Four individual miRNAs (miR-137, miR-34a, miR-34b, and miR-34c) were selected as follows: first, we obtained candidate genes and related miRNAs from the latest release of the DIANA-TarBase (v8.0, http://www.microrna.gr/tarbase) and miRBase (v22, http://www.mirbase.org) databases via Ingenuity® Pathway Analysis (IPA®, QIAGEN™, Redwood City, USA) platforms. We then searched and analysed all the biological systems for miRNAs associated with neurodevelopment and SZ. Second, we identified miRNAs that were expressed in both the human brain and in peripheral blood.

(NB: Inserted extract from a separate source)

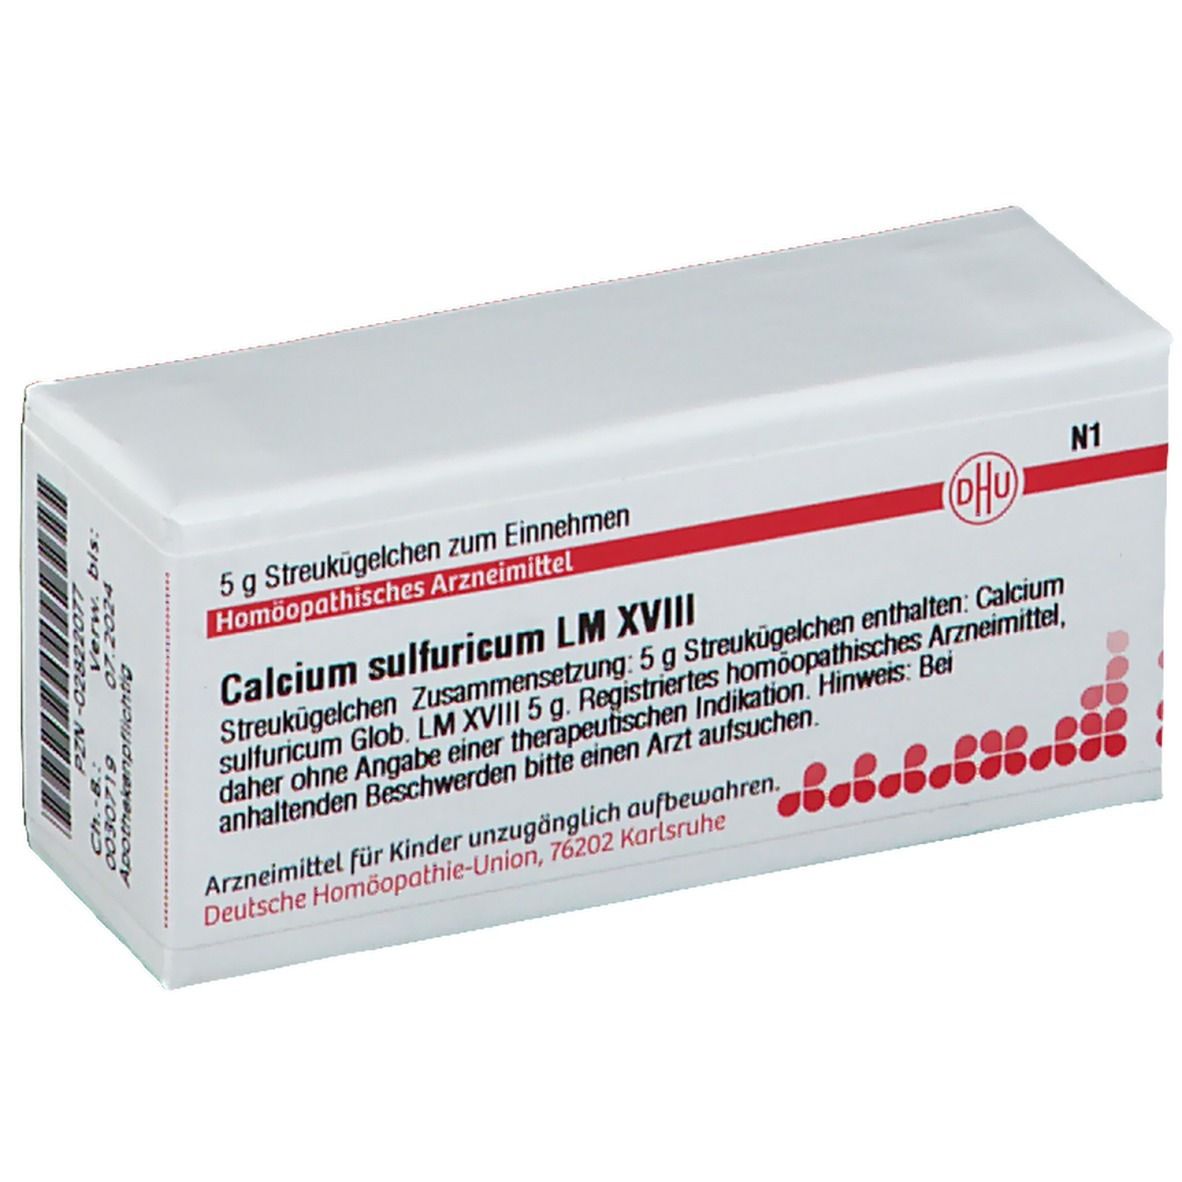 DHU Calcium Sulfuricum LM XVIII

Total RNA was extracted from plasma samples using TRIzol® reagent (Invitrogen™, Grand Island, NY, USA) according to the manufacturer’s instructions. The purified total RNA samples (300 ng) were reverse transcribed into cDNA. Two analysis platforms were used in the current study: (1) the TaqMan® Advanced miRNA Assays platform (Applied Biosystems™, Grand Island, NY, USA), for the synthesis and analysis of cDNA from input RNA; and (2) the SYBR Green assay, in which reverse transcription using the Moloney murine leukaemia virus (MMLV), and poly(A)-tailing qRT-PCR detection were performed. The sequences of the mature target miRNAs and their chromosome locations are shown in Supplementary Table 14. Each reaction was performed in triplicate, and real-time PCR data were collected by StepOne software v2.3 (Applied Biosystems™). Synthetic U-6 was used as endogenous control, and relative levels of the target miRNA in plasma were calculated based on the following formula: 2−ΔΔCt (ΔΔCt = ΔCt of experimental miRNA−ΔCt of reference miRNA-U6), and the results were expressed as Log10 (2–ΔΔCt). Assessment of the qRT-PCR results (Supplementary Table 15) suggests that the data obtained from RNA extraction, sample storage conditions, and qRT-PCR assay in the current study were reproducible and reliable. Further, Supplementary Table 16 compares results obtained from the TaqMan® and SYBR Green detection platforms and shows that both assays produce valid and reliable data.

Assessment of NSS

NSS are subtle neurological abnormalities evaluated according to the Neurological Evaluation Scale (NES)[22]. The NSS scores were calculated from a total of 26 items, which test the following: sensory integration (e.g., finger agnosia and extinction); motor coordination (e.g., finger opposition and rapid finger tapping); motor sequencing (e.g., fist-ring, fist-edge-palm, Ozeretski test and rhythm tapping test); and others (e.g., adventitious overflow, Romberg test, tremors, testing memory 5 min/10 min, mirror movements, synkinesis, convergence, and gaze persistence). All items were scored on a three-point scale: no abnormality (0), mild but definite abnormality (1), and marked impairment (3). The standardized application of the NSS scale was established by a trained neurologist from Chimei Medical Center, who assessed and confirmed the internal consistency and inter-rater reliability of the tests. The intraclass correlation measuring the reliability of the NSS item ratings ranged from 0.77 to 1.0[23]. All participant interviews were carried out by two well-trained research assistants with experience in psychiatric wards, and who received standardized psychiatric interviewing training.

Statistical analysis

All statistical analyses in this study were performed using SAS (SAS® Institute, Cary, NC, USA, version 9.4). Two-sided p-values below 0.05 were considered significant. Comparisons of demographic and clinical characteristics between groups were performed as follows: (1) for categorical variables analyses was done using Pearson’s chi-square test or Fisher’s exact test; (2) for continuous variables analyses was done using the Student’s t-test, or a one-way analysis of variance (ANOVA) with Tukey’s multiple comparisons test to detect pairwise differences between groups. The Pearson’s correlation coefficients were used to investigate the relationship between miRNA expression and NSS subscales. The receiver-operating characteristic (ROC) curve in logistic regression models were used to evaluate the discriminant ability of miRNA expression in the study groups. We also estimated the correct classification accuracy and the 10-fold cross-validation accuracy of miRNA expression between groups. The variable importance in projection (VIP) scores used the partial least-squares discriminant analysis (PLS-DA) between groups to estimate the importance of each miRNA.